Hugo présente aussi le « travail mauvais » sous la forme métaphorique d'un oiseau de proie qui « prend » les enfants « en sa serre ». Il souligne ainsi son caractère dévié et immoral.

b) Le progrès monstrueux

Le progrès monstrueux inquiète le poète comme le montrent les interrogations « où va-t-il ? que veut-il ? ». Hugo l'analyse à travers les effets maléfiques et monstrueux. Ainsi, le travail personnifié « brise la jeunesse en fleur ».

Il entraîne aussi une véritable déshumanisation puisqu'il donne « une âme à la machine et la retire à l'homme ». L'opposition des verbes « donne/retire » souligne le caractère inacceptable de cette inversion des valeurs.

c) Travail maudit et vrai travail

Hugo condamne fermement ce travail : le terme « maudit » est répété trois fois. A cet effet, il emploie un vocabulaire extrêmement dépréciatif « vice », « opprobre », « blasphème ». Victor Hugo utilise des verbes forts pour exprimer son désaccord « haï des mères ; qui tue ». L'emploi du subjonctif « qu'il soit maudit » précédé d'une interjection « O Dieu ! » permet au poète de formuler un souhait : il appelle sur cet esclavage honteux la malédiction de Dieu.

Hugo achève son poème en établissant une distinction entre le vrai travail et celui qu'il dénonce à travers son poème.
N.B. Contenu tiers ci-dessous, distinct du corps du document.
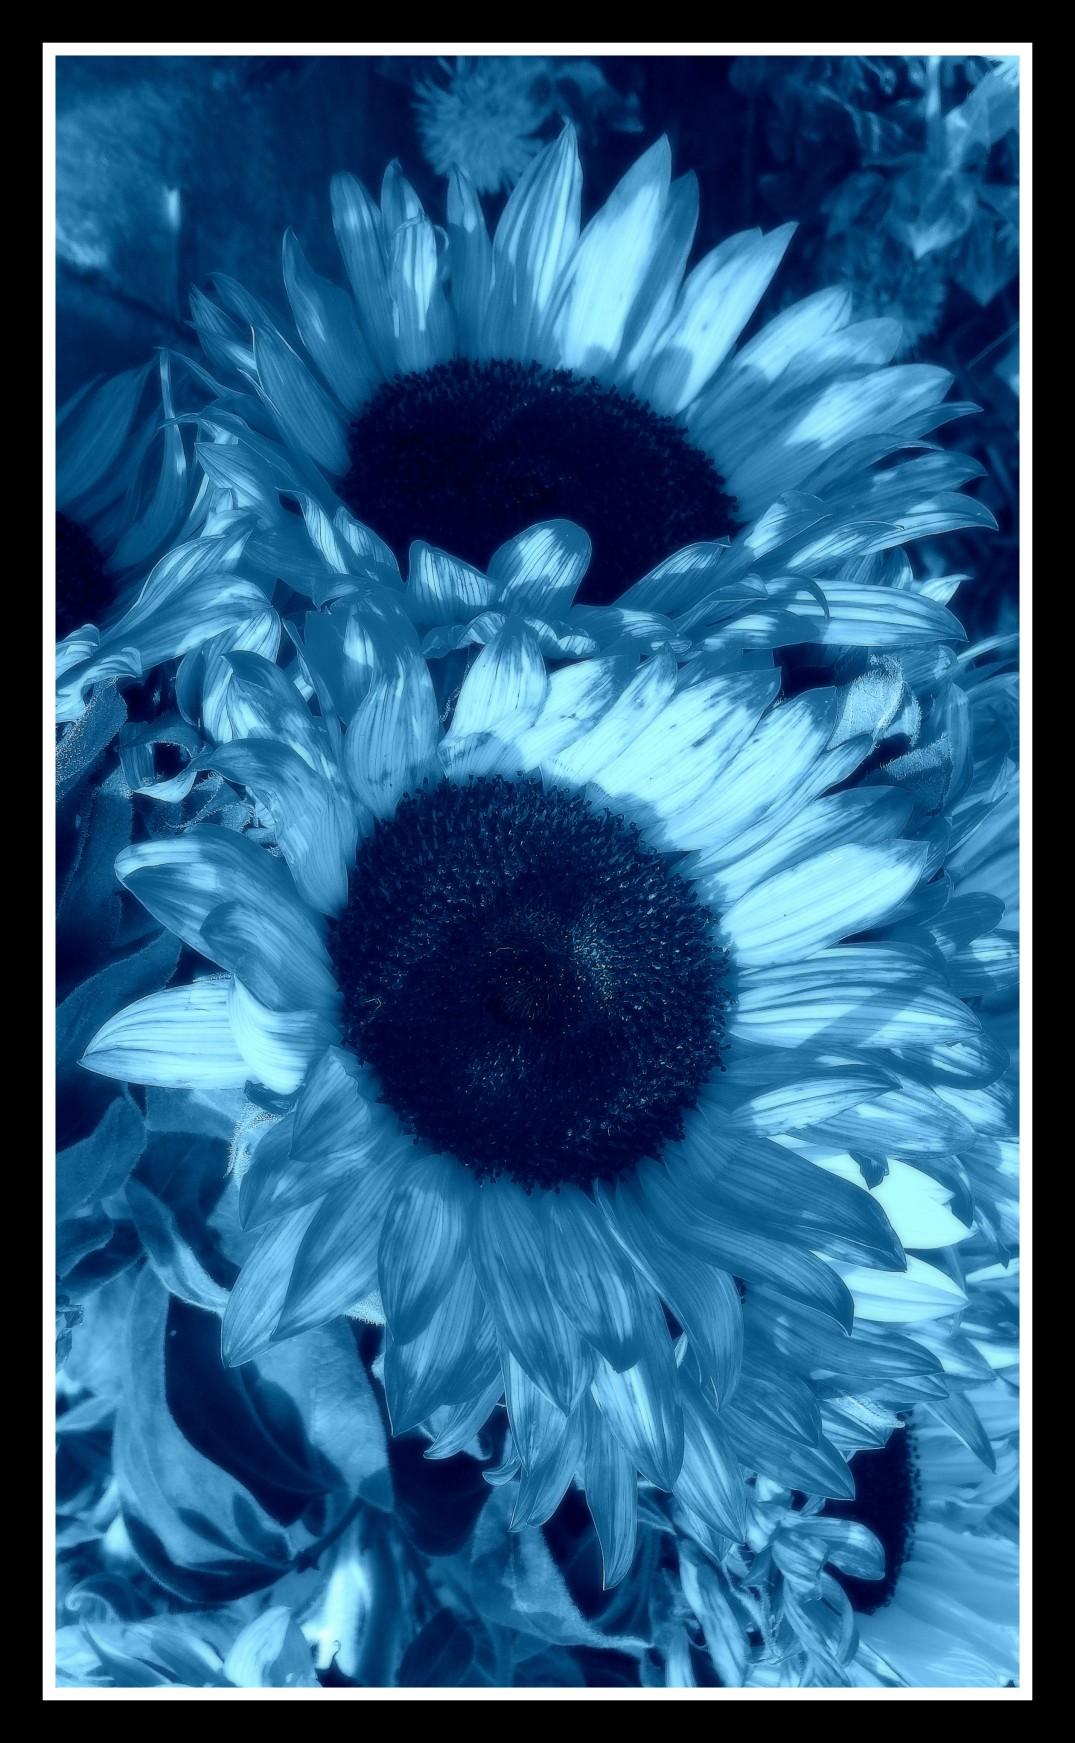 2015-06-10 S4 742 Blue Urban Flowers sunflower framed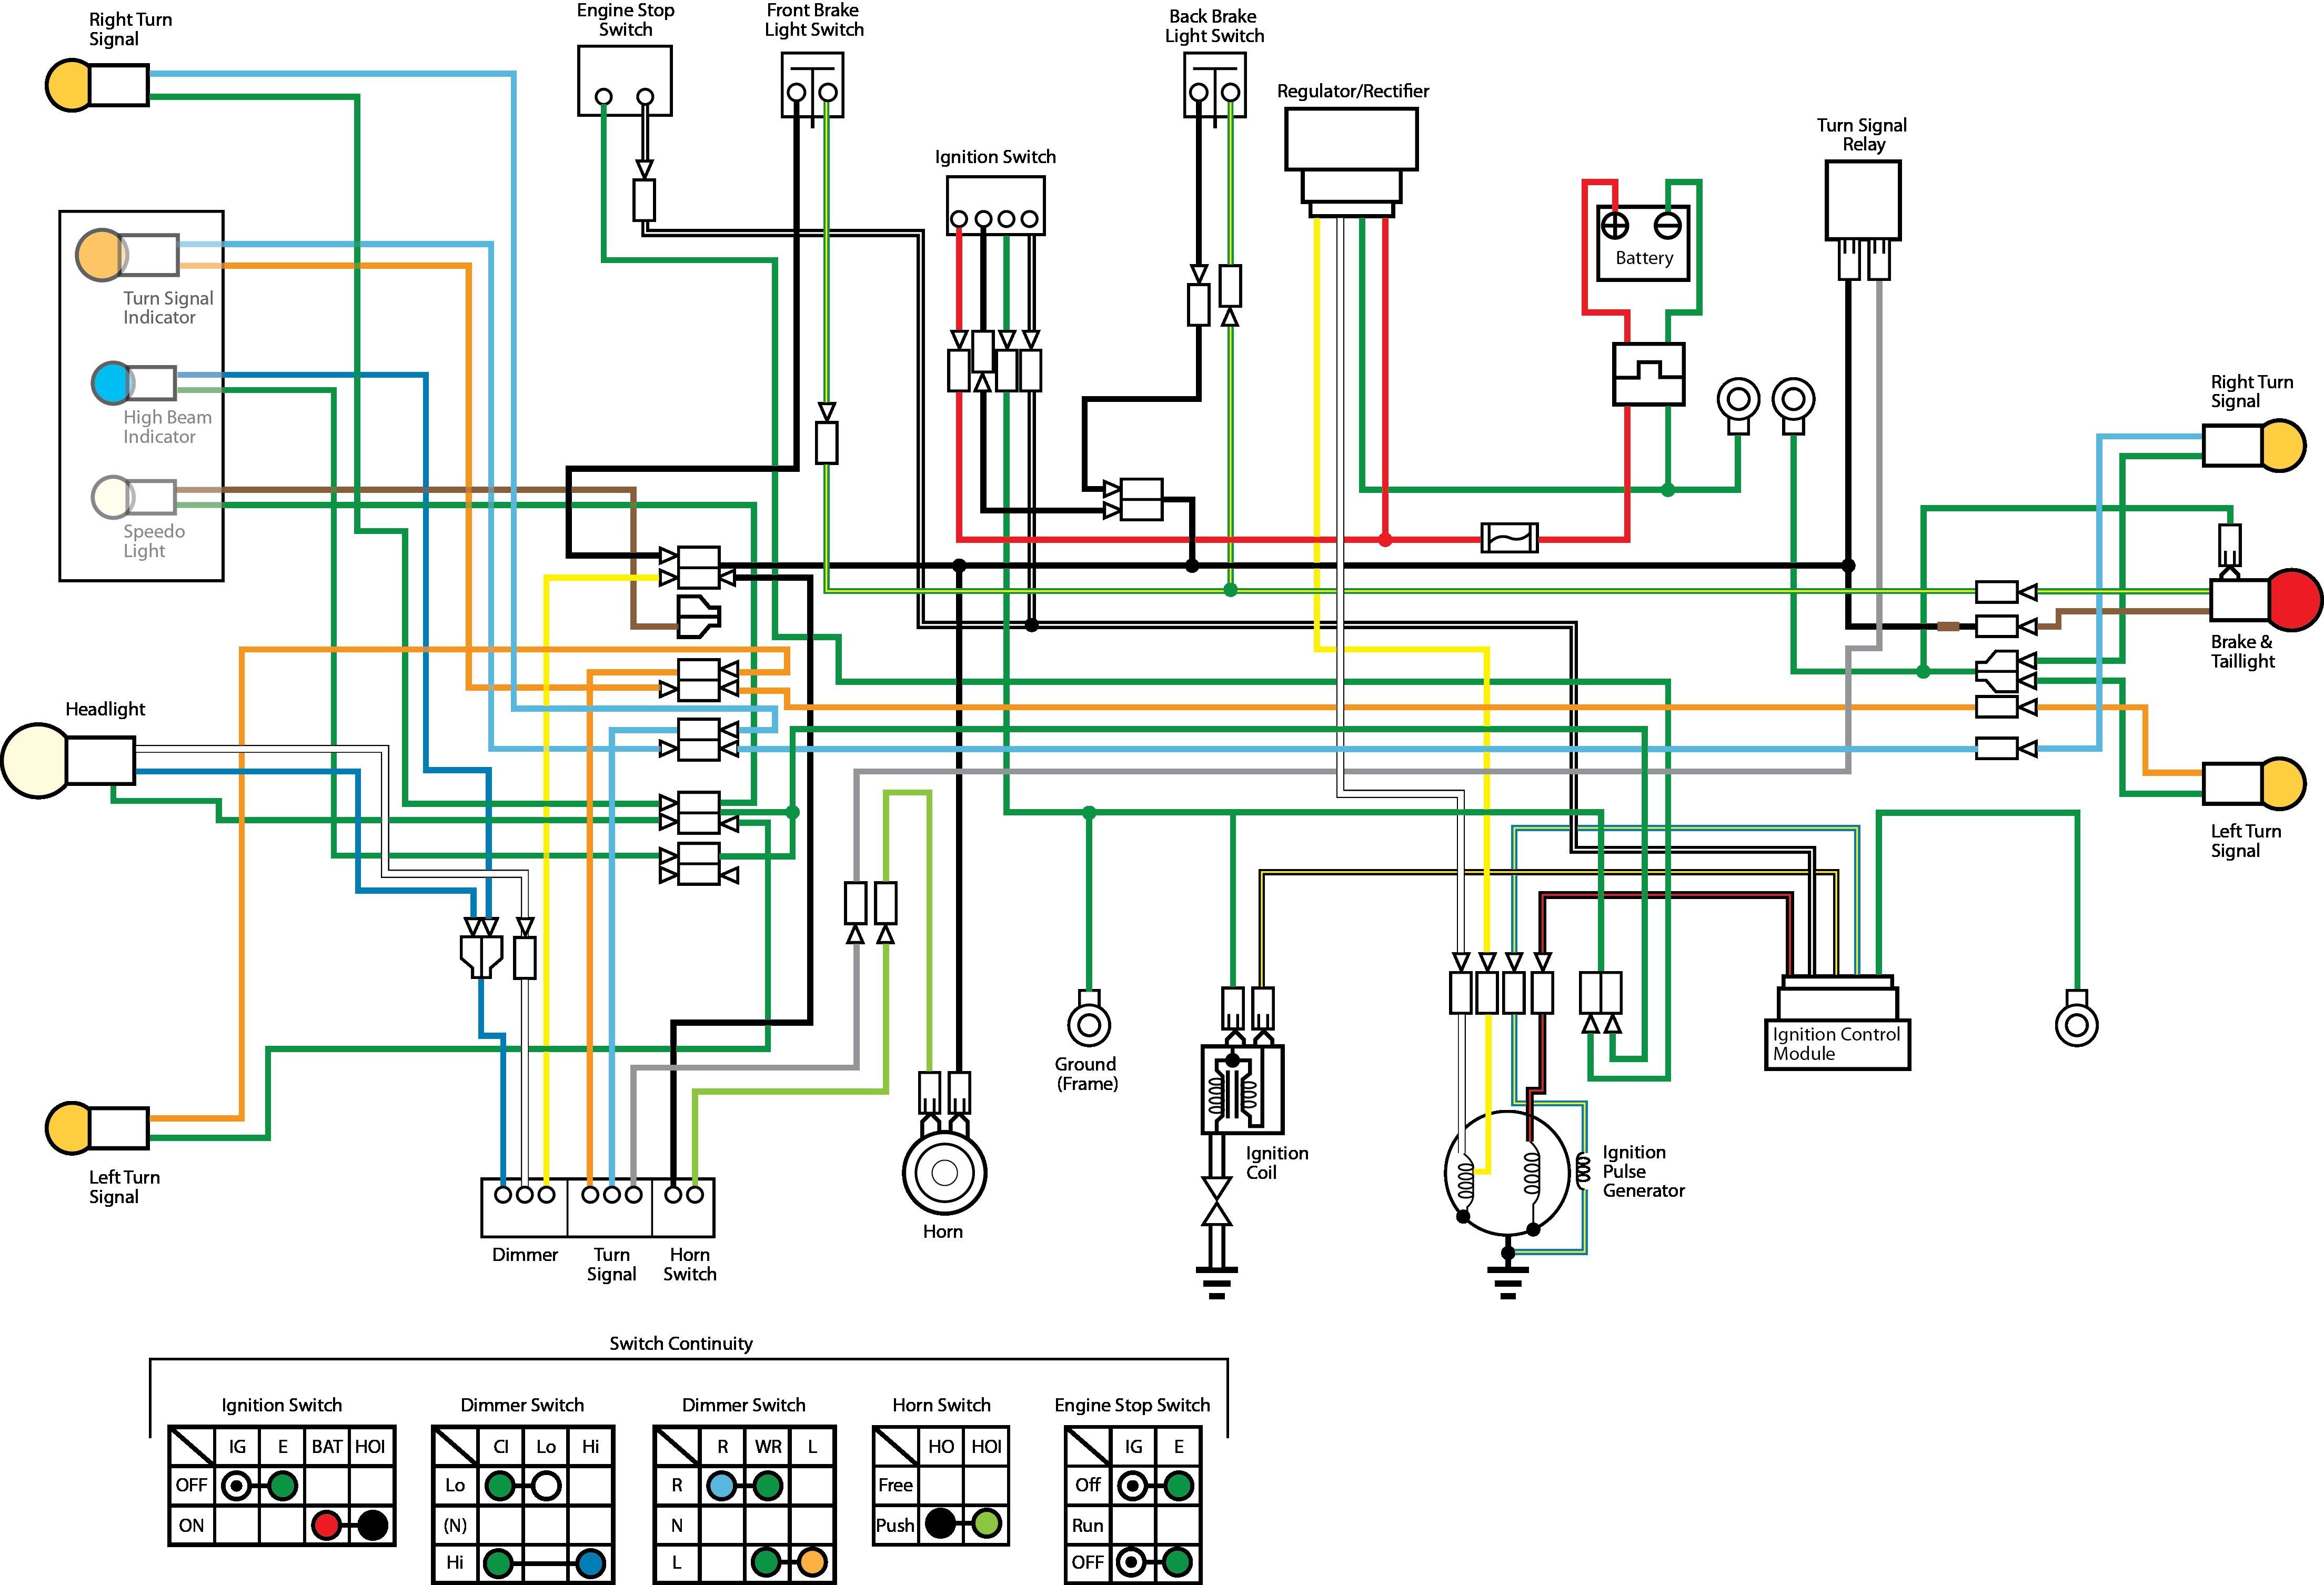 Basic Motorcycle Wiring Diagram Inspirational Electrical Wiring ...

Les termes élogieux « saint, fécond, généreux » soulignent les vertus habituelles du travail, générateur de liberté, de bonheur et d'épanouissement. L'auteur est partisan d'un travail d'adultes et non d'enfants, un travail qui donne la liberté à l'âme jeune « au nom du travail saint, fécond et généreux qui fait le peuple libre et rend l'homme heureux.

C'est ainsi que le poème oppose deux significations du même terme : le vrai travail est un bienfait qui donne son sens à la vie humaine, mais lorsqu'il est perverti par l'homme ; le travail maudit nous conduit à une horrible servitude.

Conclusion

La poésie est donc ici un instrument de dénonciation. Melancholia est avant toute chose un poème à visée argumentative. Il dénonce une injustice sociale de son époque et il défend l'exploitation des enfants.

Par son réalisme et son pathétique, Hugo nous montre les conditions déplorables des enfants dans le monde ouvrier. Ce texte illustre un des aspects de l'œuvre de Victor Hugo : améliorer le sort des pauvres. C'est pourquoi on peut le comparer à son œuvre Les Misérables.